Роджерс, представ перед судилищем, ничего особенного не сообщил. Все утро он занимался хозяйственными делами, потом готовил ленч. Перед ленчем подал коктейли, затем поднялся наверх — перенести свои вещи с чердака в другую комнату. Он не выглядывал в окно и не видел ничего, что могло бы иметь хоть какое-то отношение к смерти генерала Макартура. Он твердо уверен, что, когда накрывал на стол перед ленчем, там стояло восемь негритят.
Роджерс замолчал, и в комнате воцарилась тишина. Судья Уоргрейв откашлялся. Ломбард прошептал на ухо Вере: «Теперь он произнесет заключительную речь».
— Мы постарались как можно лучше расследовать обстоятельства этих трех смертей, — начал судья. — И если в некоторых случаях отдельные лица не могли (по всей вероятности) совершить убийство, все же ни одного человека нельзя считать полностью оправданным и свободным от подозрений. Повторяю, я твердо уверен, что из семи человек, собравшихся в этой комнате, один — опасный преступник, а скорее всего еще и маньяк. Кто этот человек, мы не знаем. Нам надо решить, какие меры предпринять, чтобы связаться с сушей на предмет помощи, а в случае, если помощь задержится (что более чем вероятно при такой погоде), какие меры предпринять, чтобы обеспечить нашу безопасность — сейчас нам больше ничего не остается.

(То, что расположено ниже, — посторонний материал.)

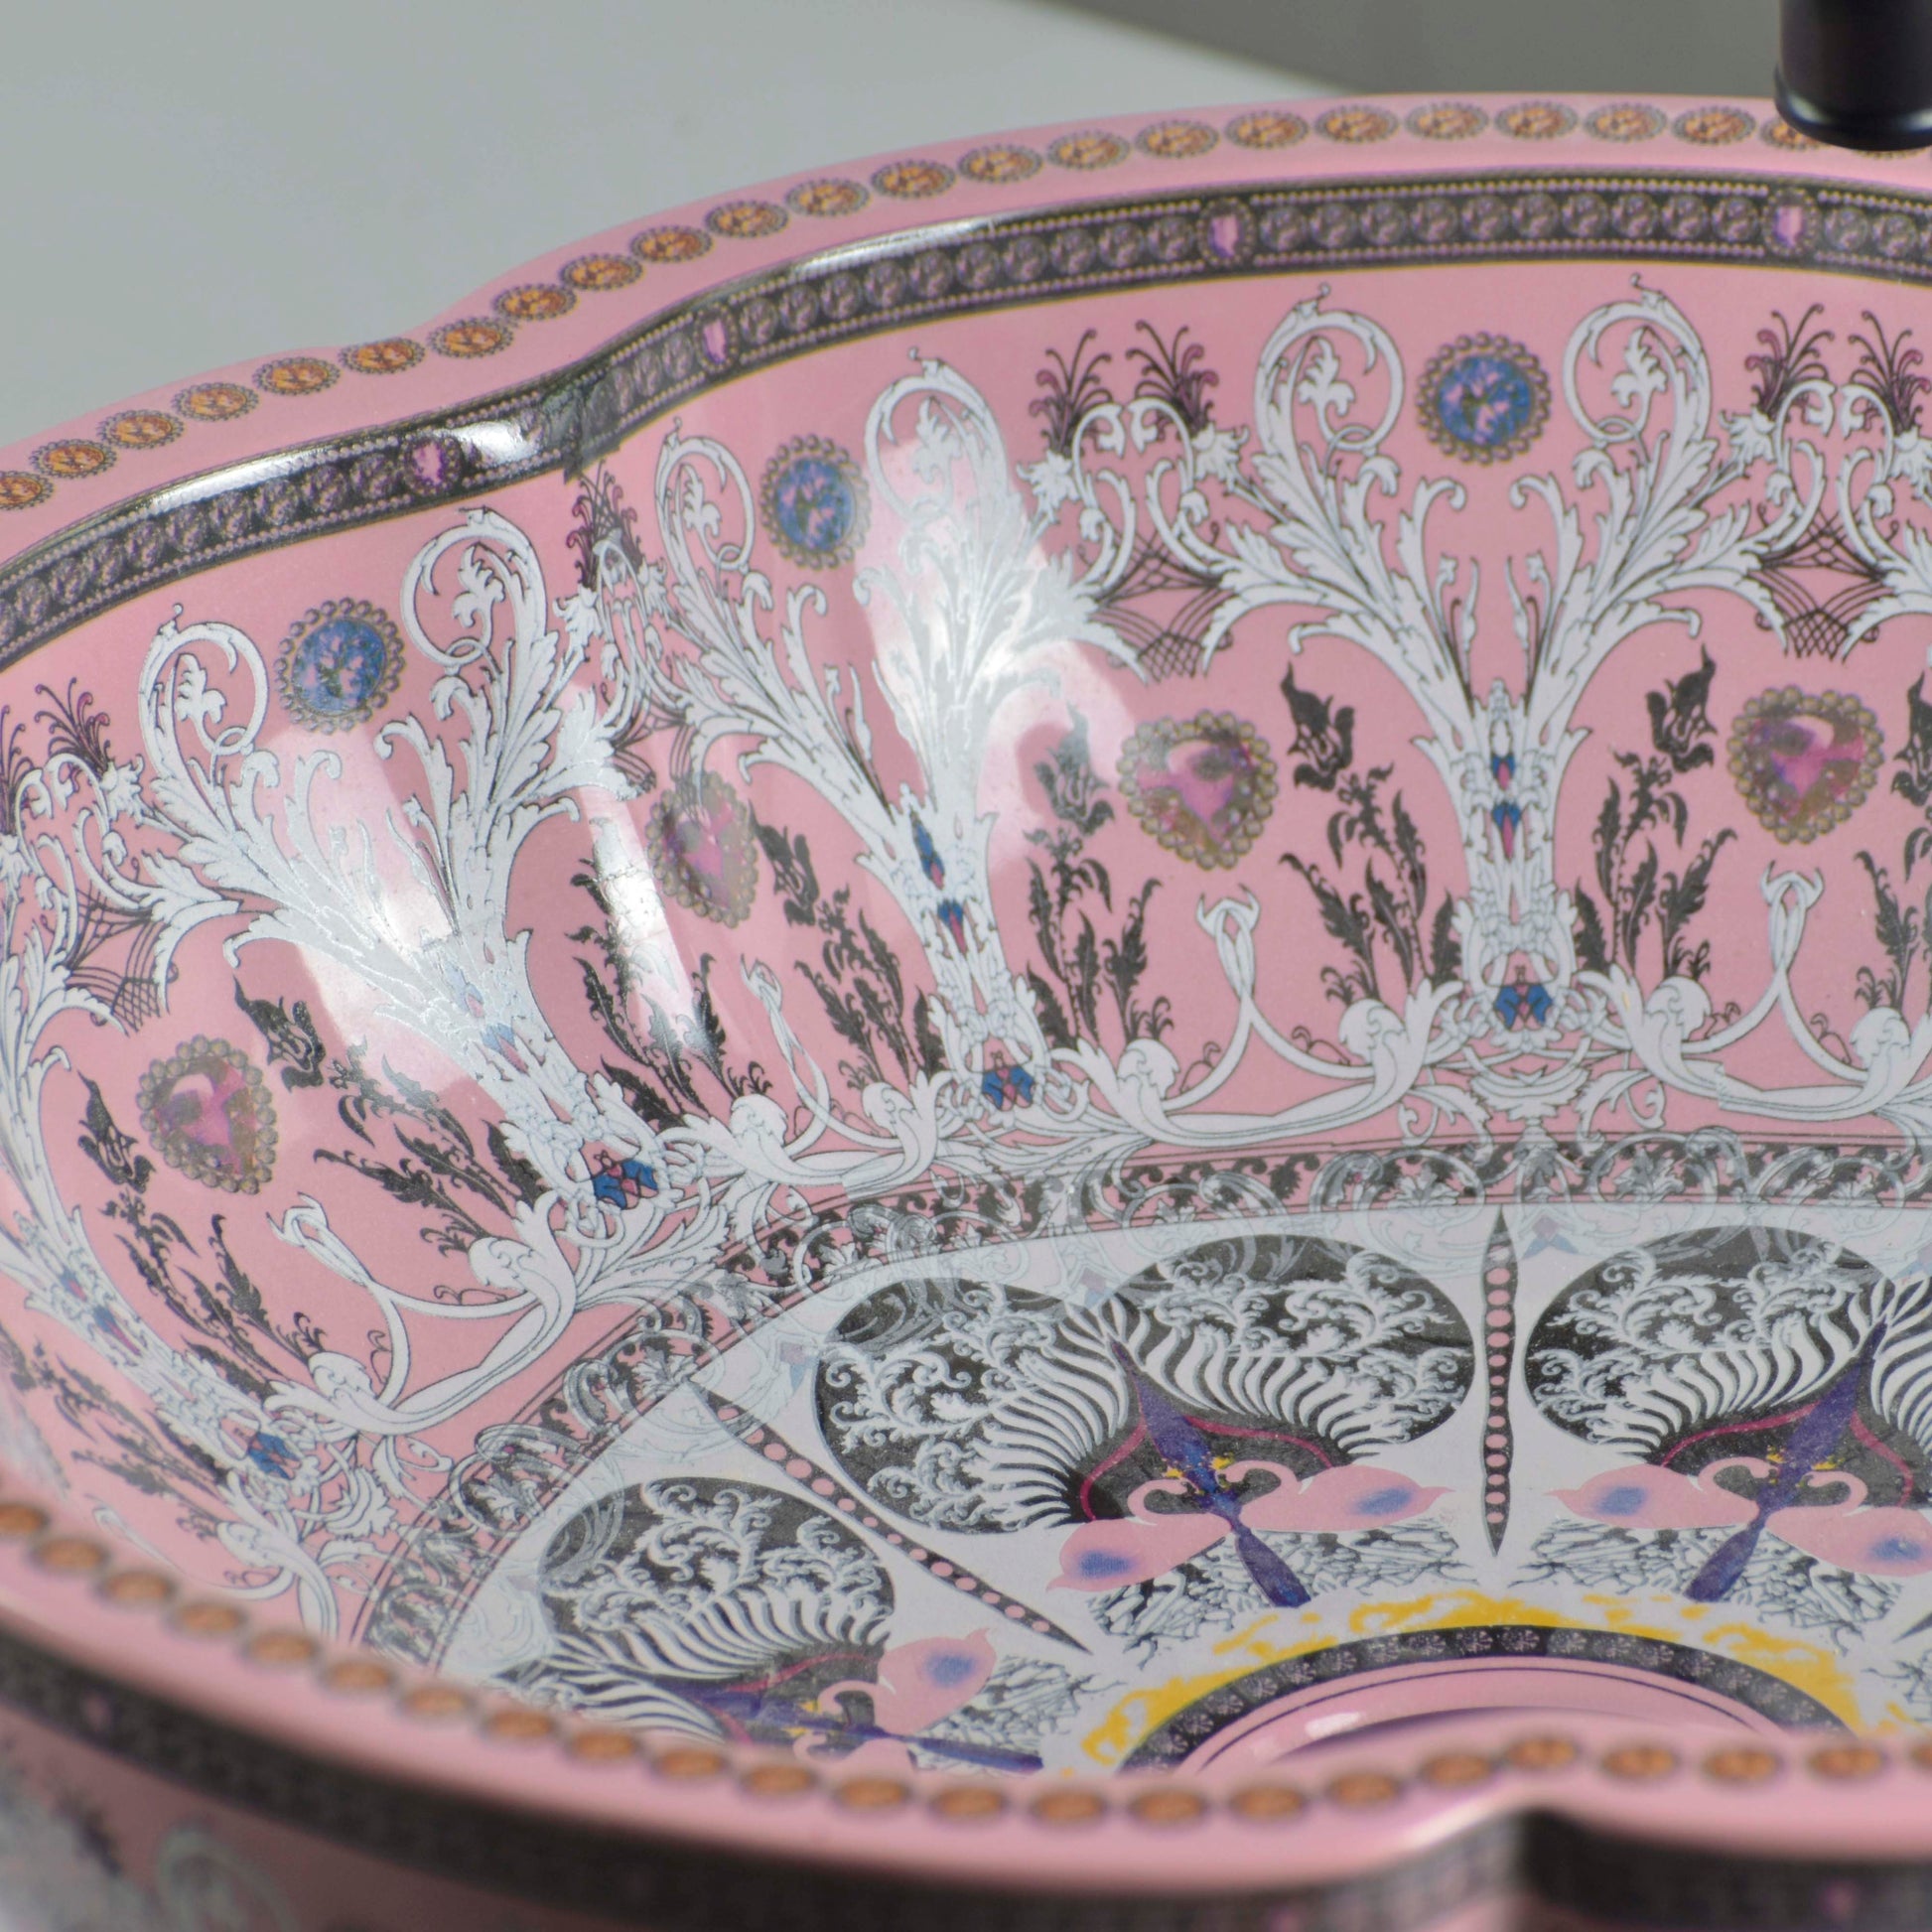 InArt Ceramic Round Wash Basin | European Luxury | TableTop Vessel Sink | Pink Mexican 5 | 41D x 41W x 14H cm - InArt-Studio
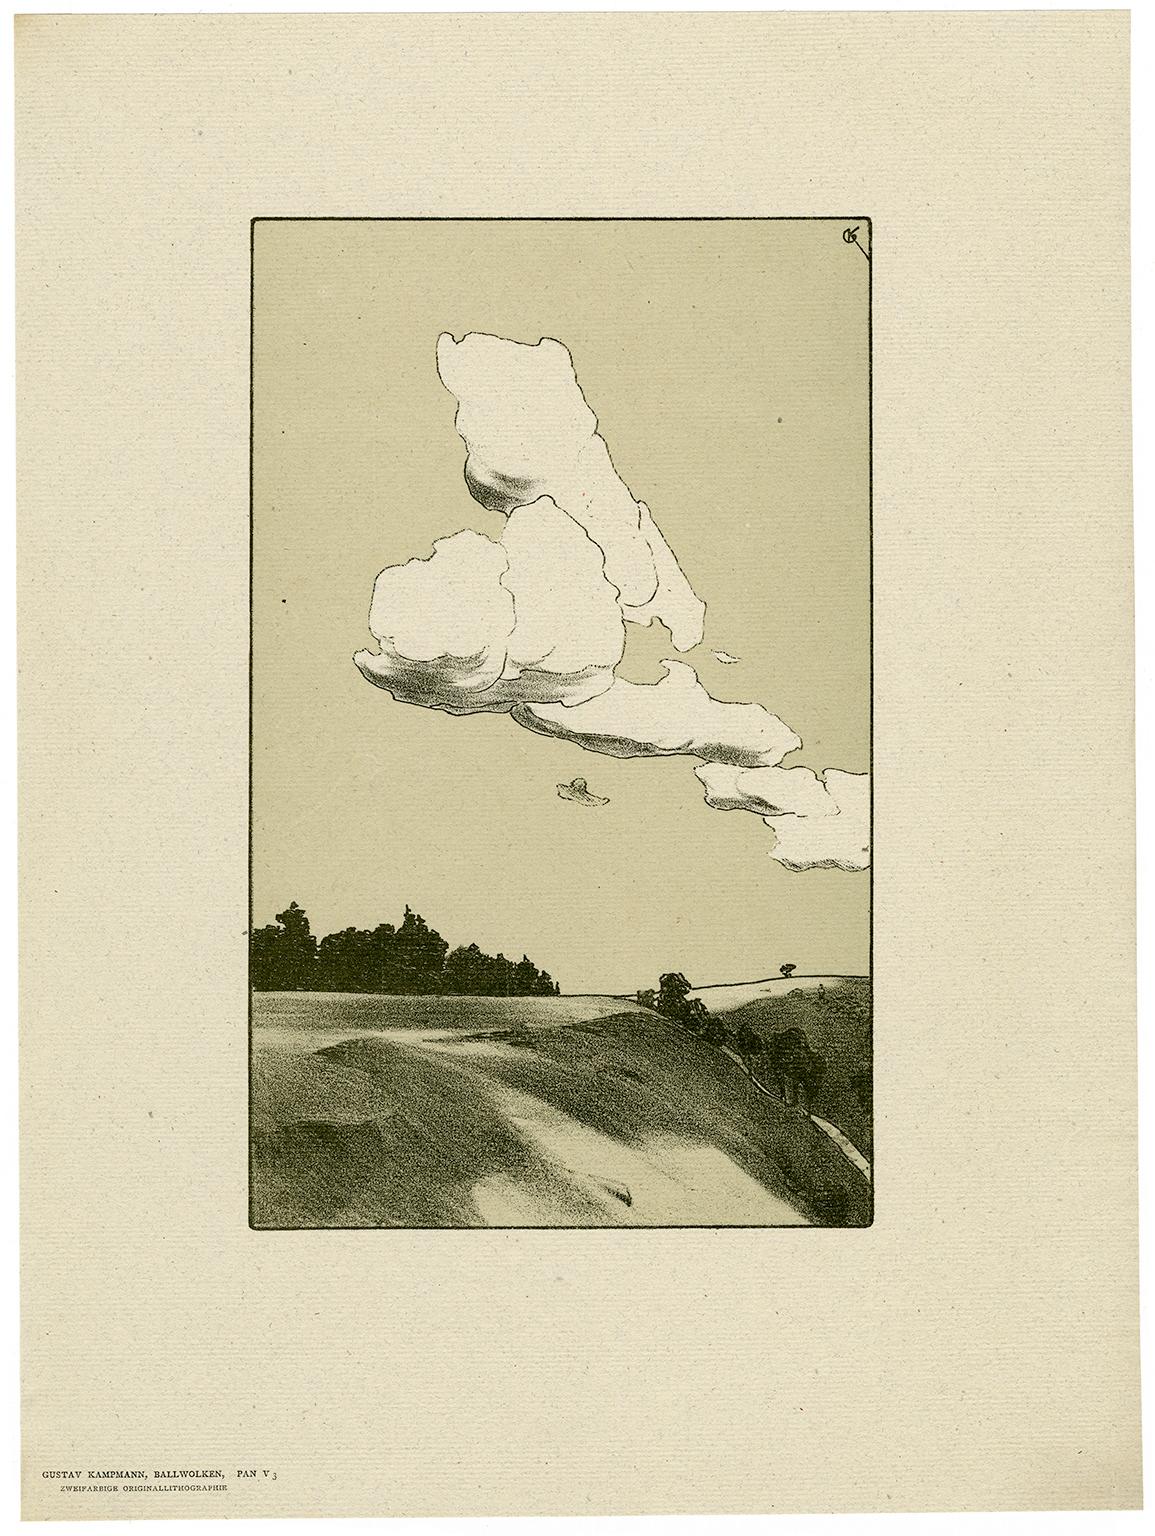 Ballwolken (Cumulus Clouds) - Print by Gustav Kampmann

Я попрошу каждого подумать и сообщить мне, какой выход из создавшегося положения он видит. Предупреждаю, чтобы все были начеку. До сих пор убийце было легко выполнить свою задачу — его жертвы ни о чем не подозревали. Отныне наша задача — подозревать всех и каждого. Осторожность — лучшее оружие. Не рискуйте и будьте бдительны. Вот все, что я вам хотел сказать.
— Суд удаляется на совещание, — еле слышно пробормотал Ломбард.
Глава десятая
— И вы ему поверили? — спросила Вера.